2. We agree that the one-hidden-layer neural network may seem simplistic compared to more complex architectures. However, our architecture offers both conceptual clarity and good performance in the current setting. We remain open to experimenting with more advanced architectures in the future, particularly as we scale our experiments to more complex problems. This choice has proven effective for our current numerical examples, and balancing simplicity with computational efficiency is a primary goal. We leave the design of neural network structures for high-order score-based neural ODEs in the future. It should depend on solutions to mean field control problems.

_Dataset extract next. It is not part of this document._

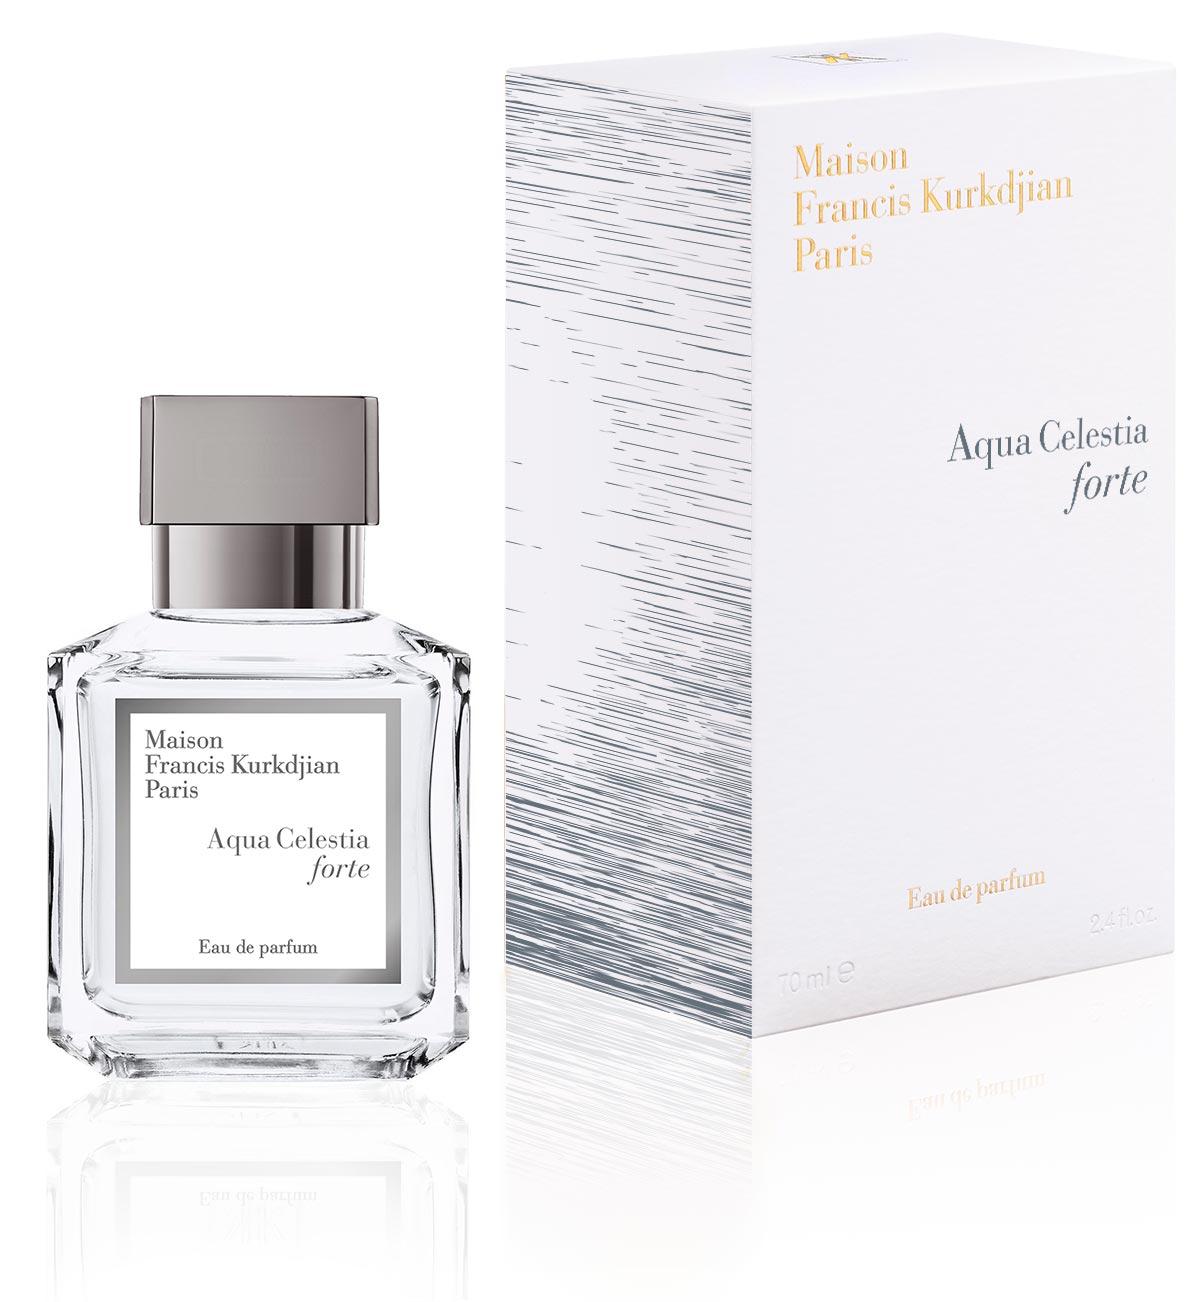 Maison Francis Kurkdjian Presents Aqua Celestia Forte

3. We understand the concern about scalability, especially the cost of differentiation through Equation (11) in Algorithm 1. However, computing the score function is unavoidable in the context of mean field control problems. Our score-based normalizing flow formulation addresses this issue by efficiently computing these quantities, which we believe makes the approach scalable, even in higher-dimensional settings. While our current results are based on smaller-scale problems, we are optimistic about extending the method to larger, more complex scenarios.

4. Proposition 3 differs from the standard forward-backward PDEs typically seen in the literature, such as those in {\it Mean field games and mean field type control theory} Chapter 4. The HJB equation is a modified version tailored to incorporate the score transformation (Equation 16). This modification introduces the second-order derivative of $\log\rho$ into the HJB equation, which is not standard. Equation (3d) becomes crucial for simulating this derivative, and to the best of our knowledge, we are the first to use this modified HJB equation as a regularizer to enhance accuracy. This regularization improves performance even in the Gaussian case, providing significant value to our approach.

5. We agree that the current examples in Sections 5.1 and 5.2, which involve analytically solvable or factorizable cases (such as the linear OU process), are relatively simple. Please note that we have more complicated examples in the Appendix, such as the double moon flow matching and the double well example. Additionally, we are actively working on applying our method to more challenging examples, including those mentioned in your review. We believe our framework can be adapted to handle more complex problems and will include these results in future work.